■ **WORK TO BE COMPLETED**
Please reproduce the lines from the one containing "40 - 162009-Surfer-Kleber" through the end of the data below exactly as they stand, and omit all pictures.

■ **INFORMATION PROVIDED**
════════════════

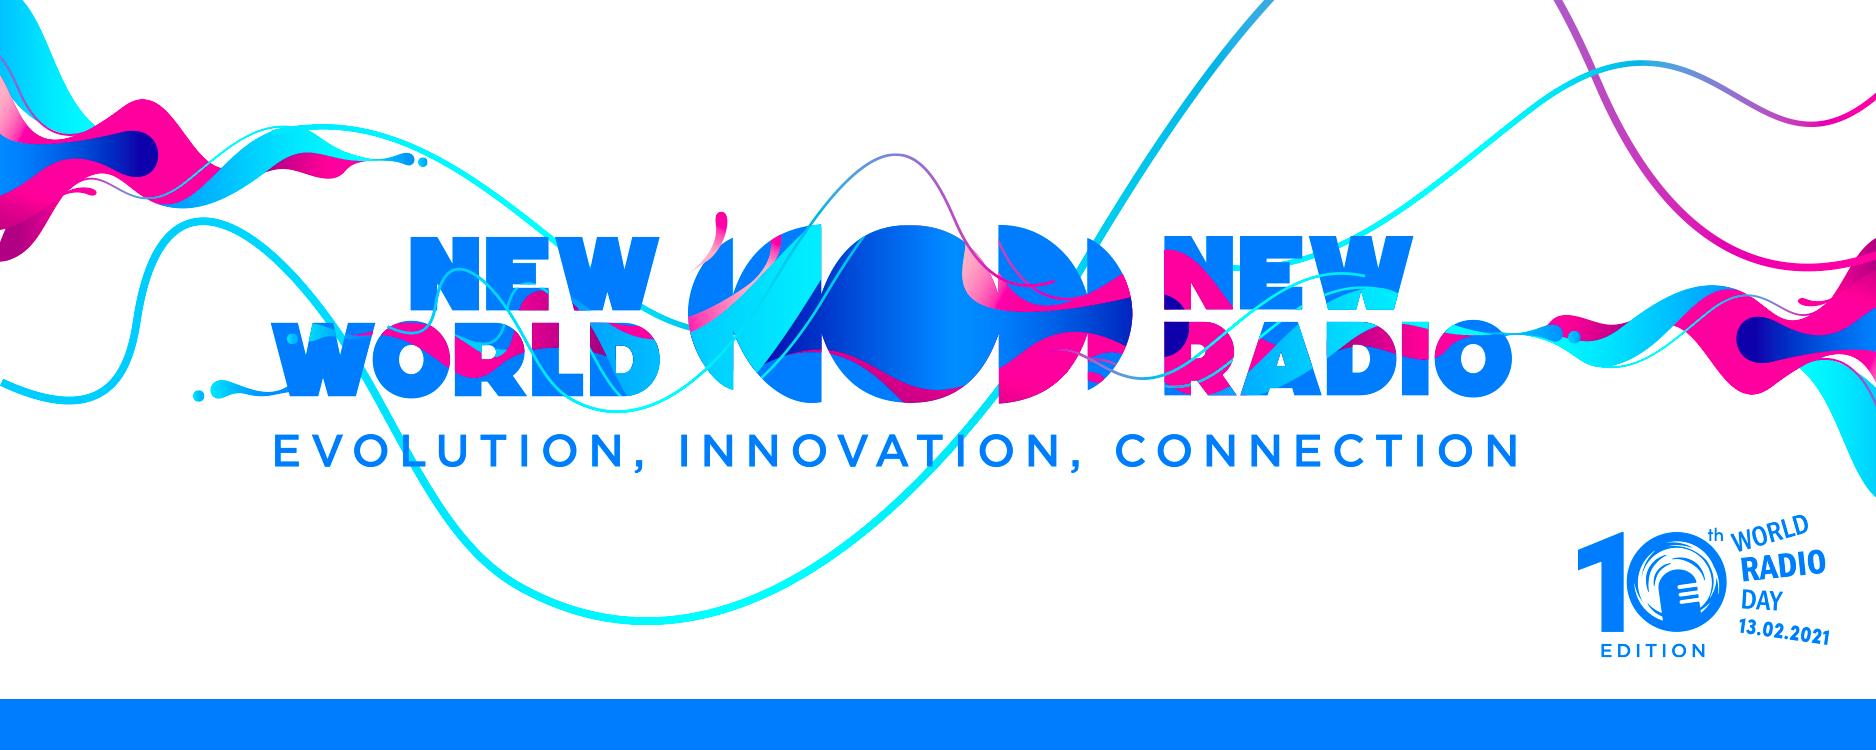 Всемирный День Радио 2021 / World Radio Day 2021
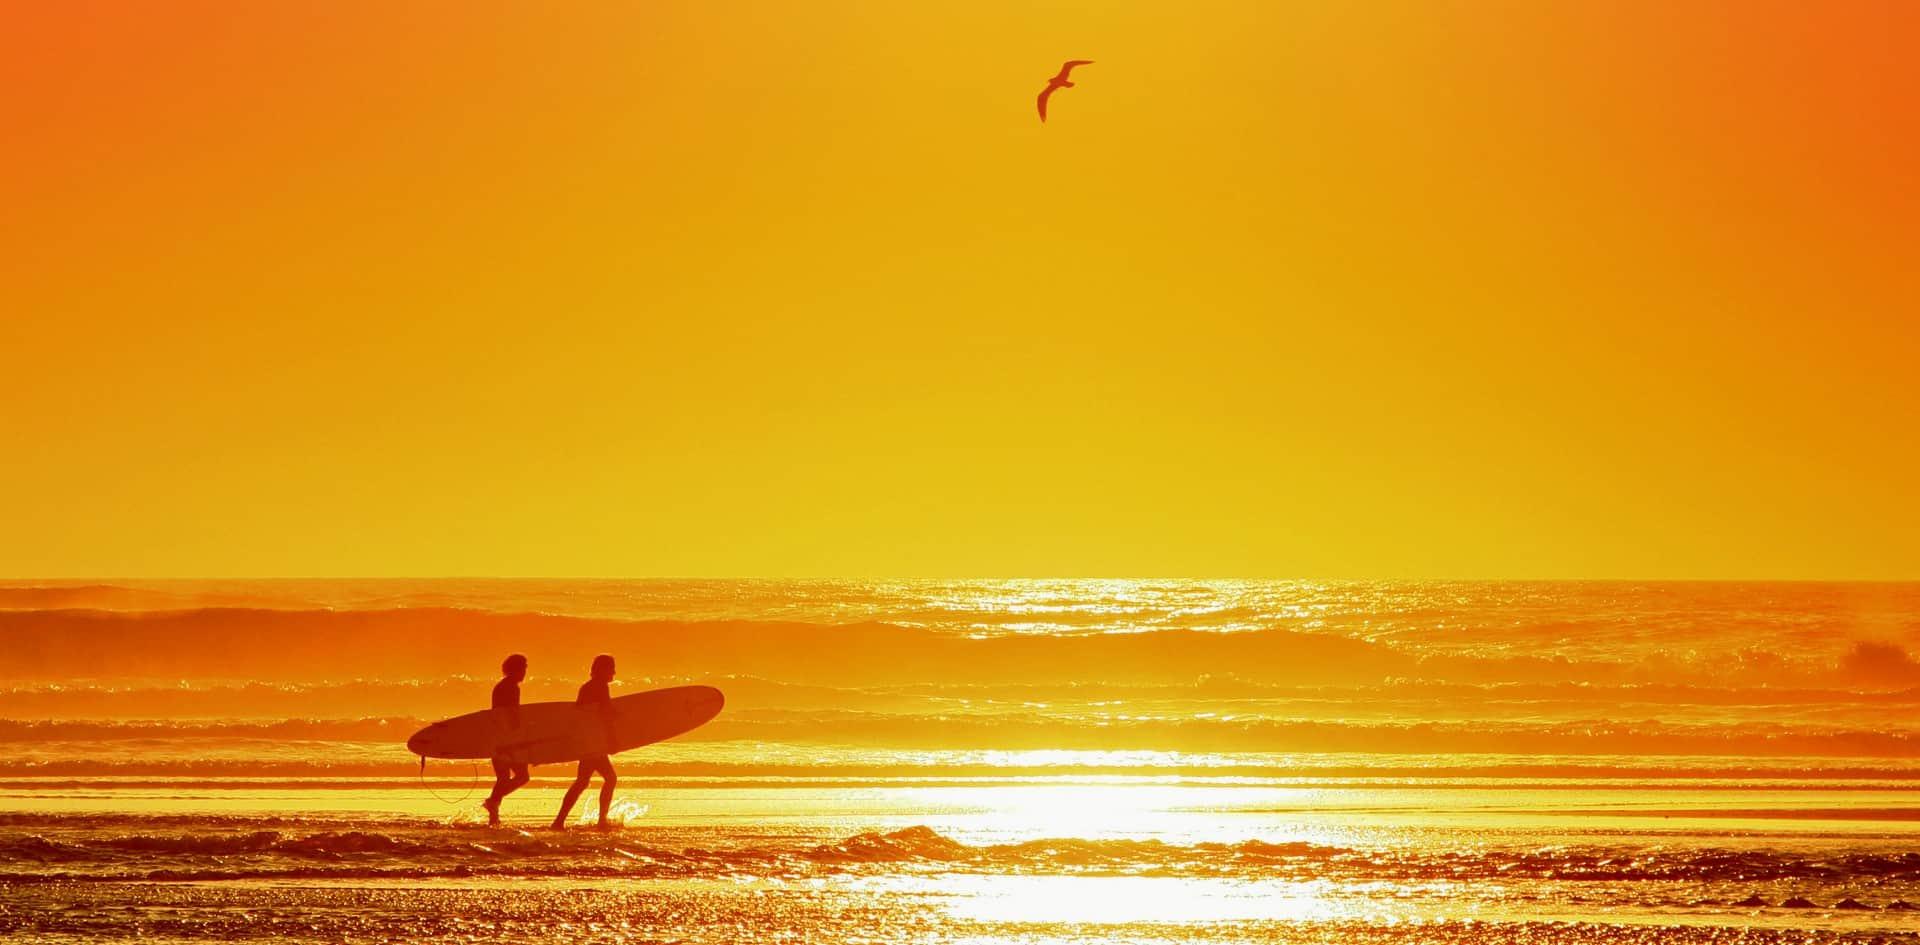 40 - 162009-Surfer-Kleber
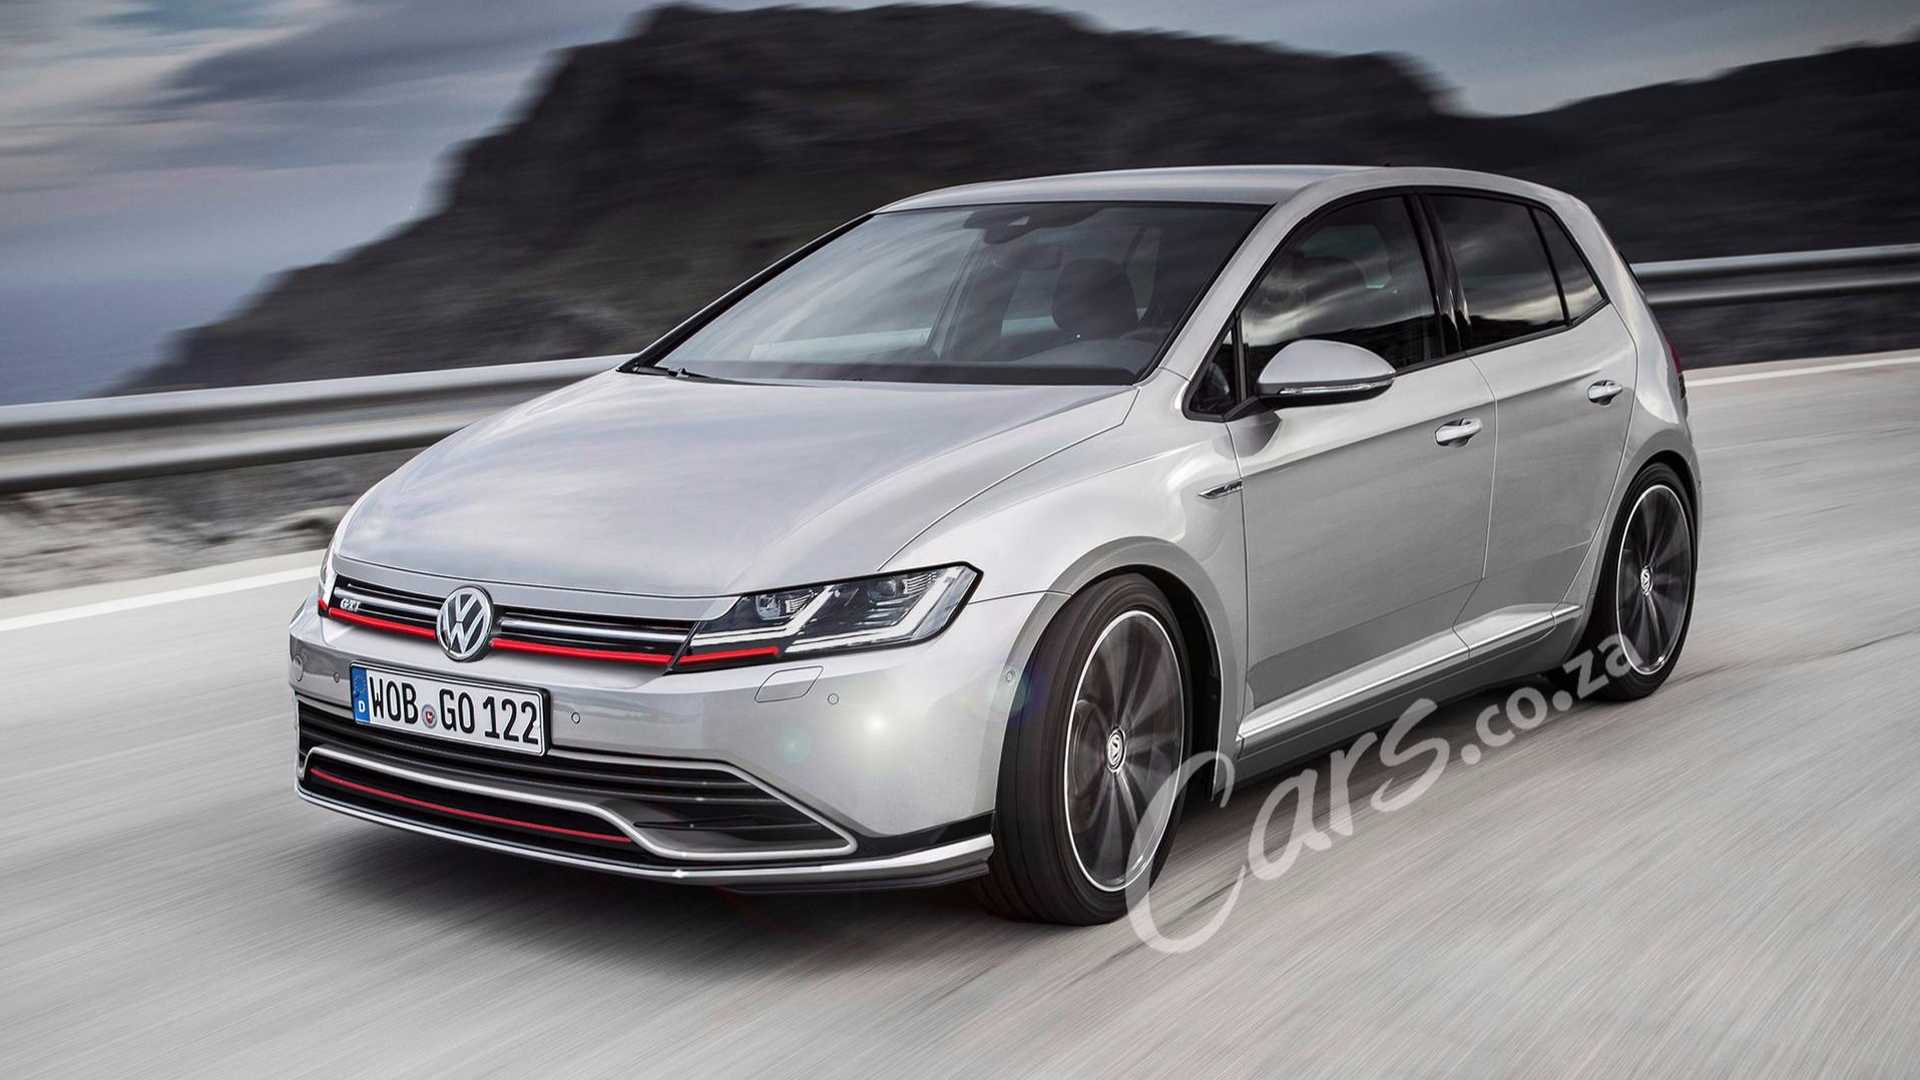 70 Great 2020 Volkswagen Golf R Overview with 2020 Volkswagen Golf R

════════════════

■ **EXERCISE ANSWER**
 40 - 162009-Surfer-Kleber
 70 Great 2020 Volkswagen Golf R Overview with 2020 Volkswagen Golf R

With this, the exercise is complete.